_TASK PROMPT:_ Print the data exactly as written, but leave out each picture.

_INPUT DATA:_
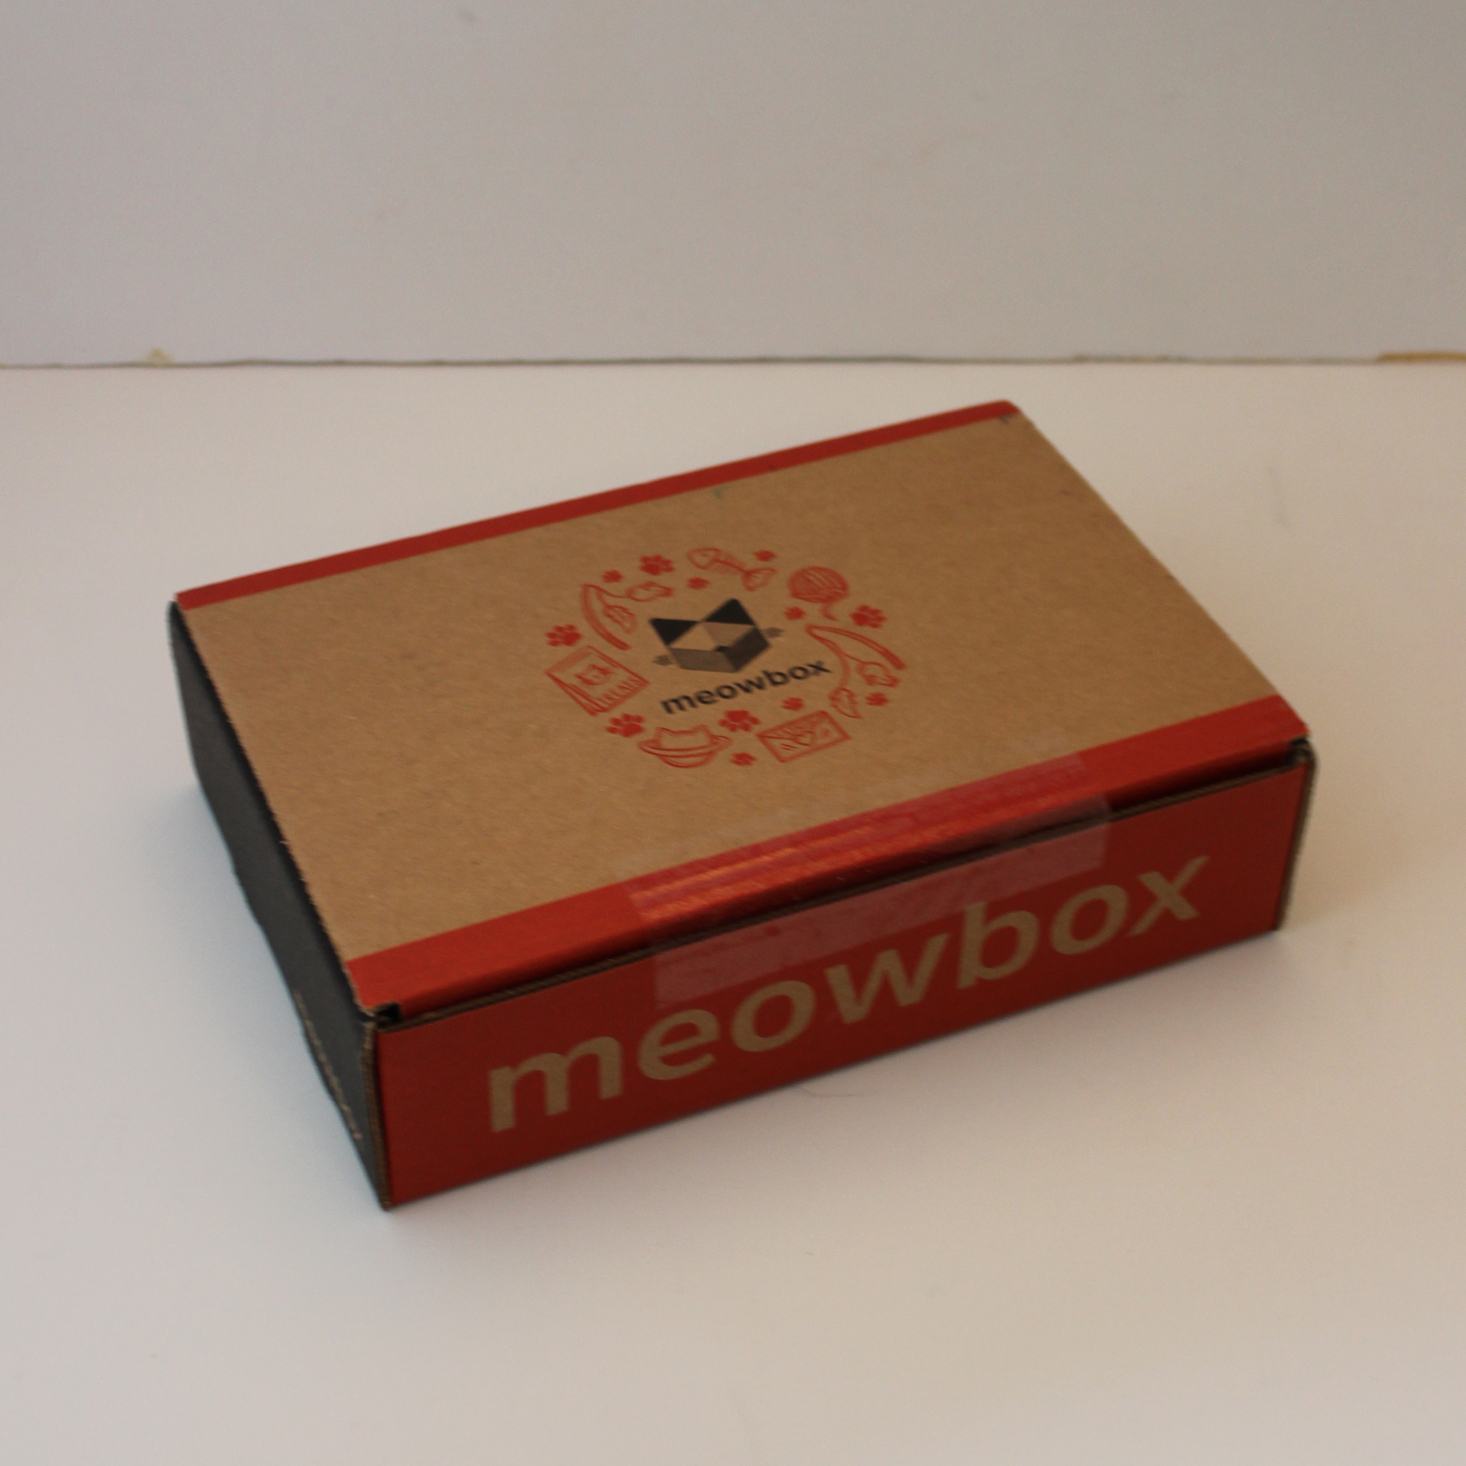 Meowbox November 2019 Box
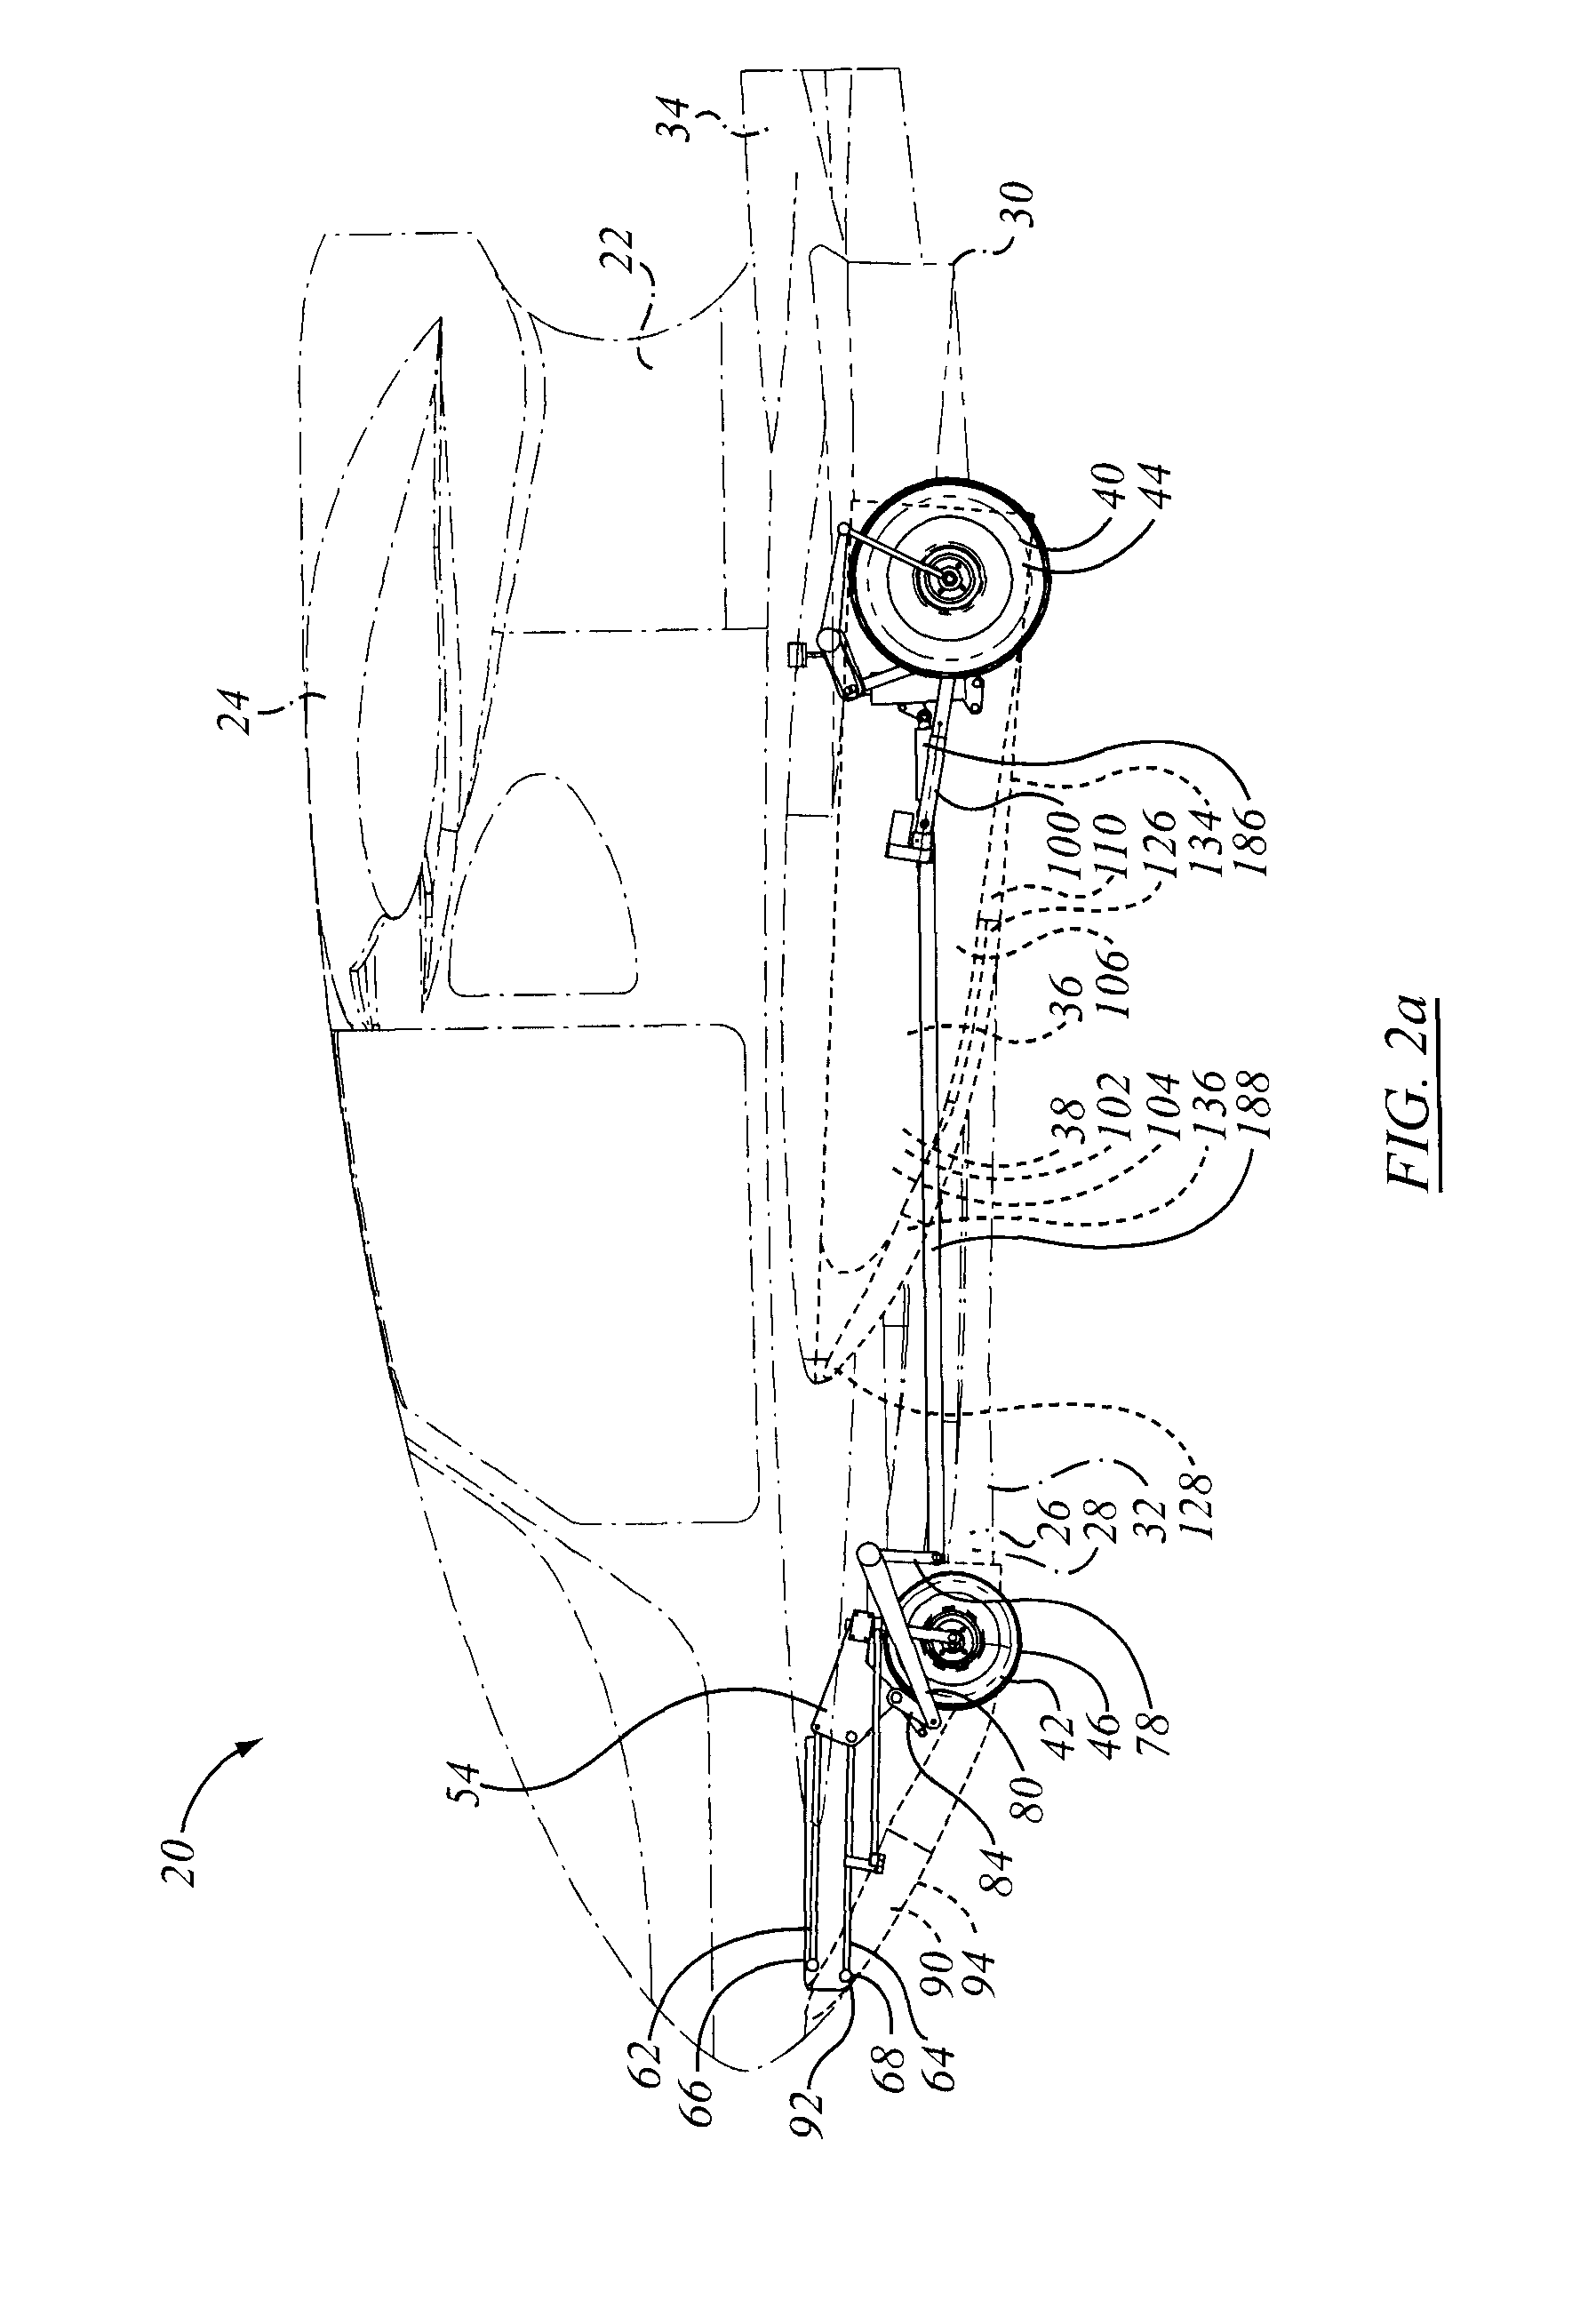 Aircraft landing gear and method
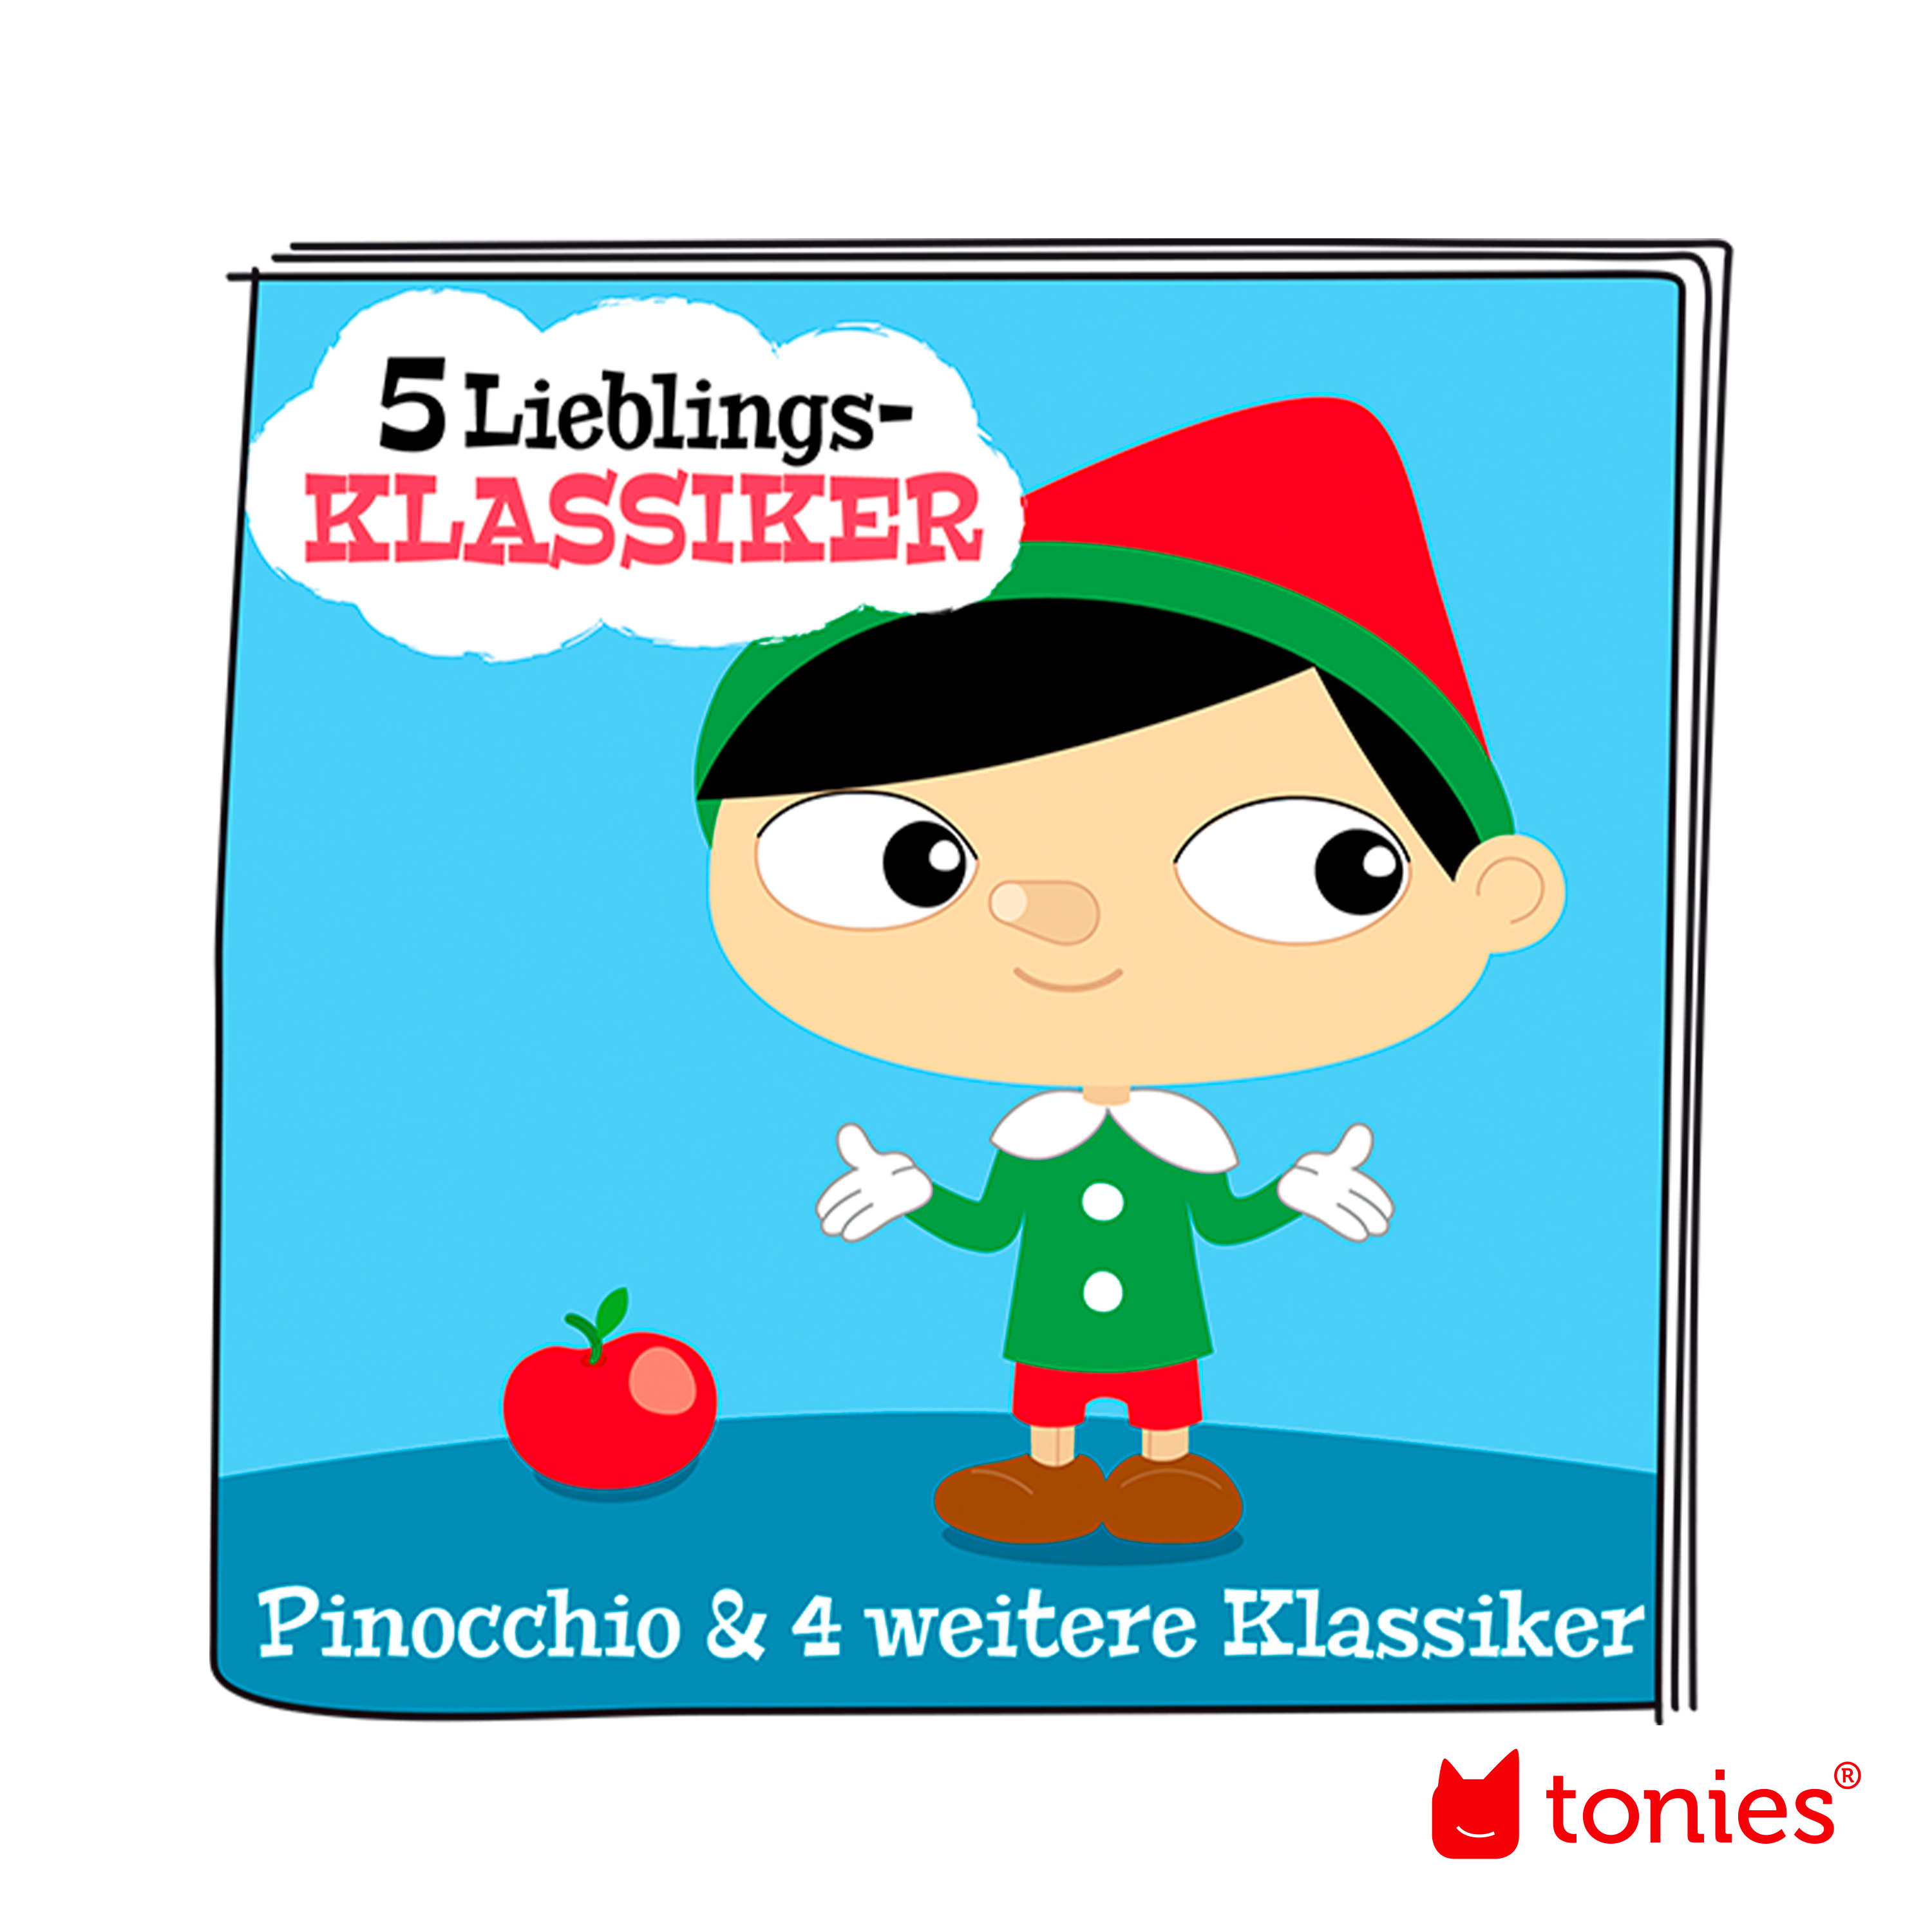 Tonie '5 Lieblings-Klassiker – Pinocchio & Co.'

_REPLY:_
 Meowbox November 2019 Box
 Aircraft landing gear and method
 Tonie '5 Lieblings-Klassiker – Pinocchio & Co.'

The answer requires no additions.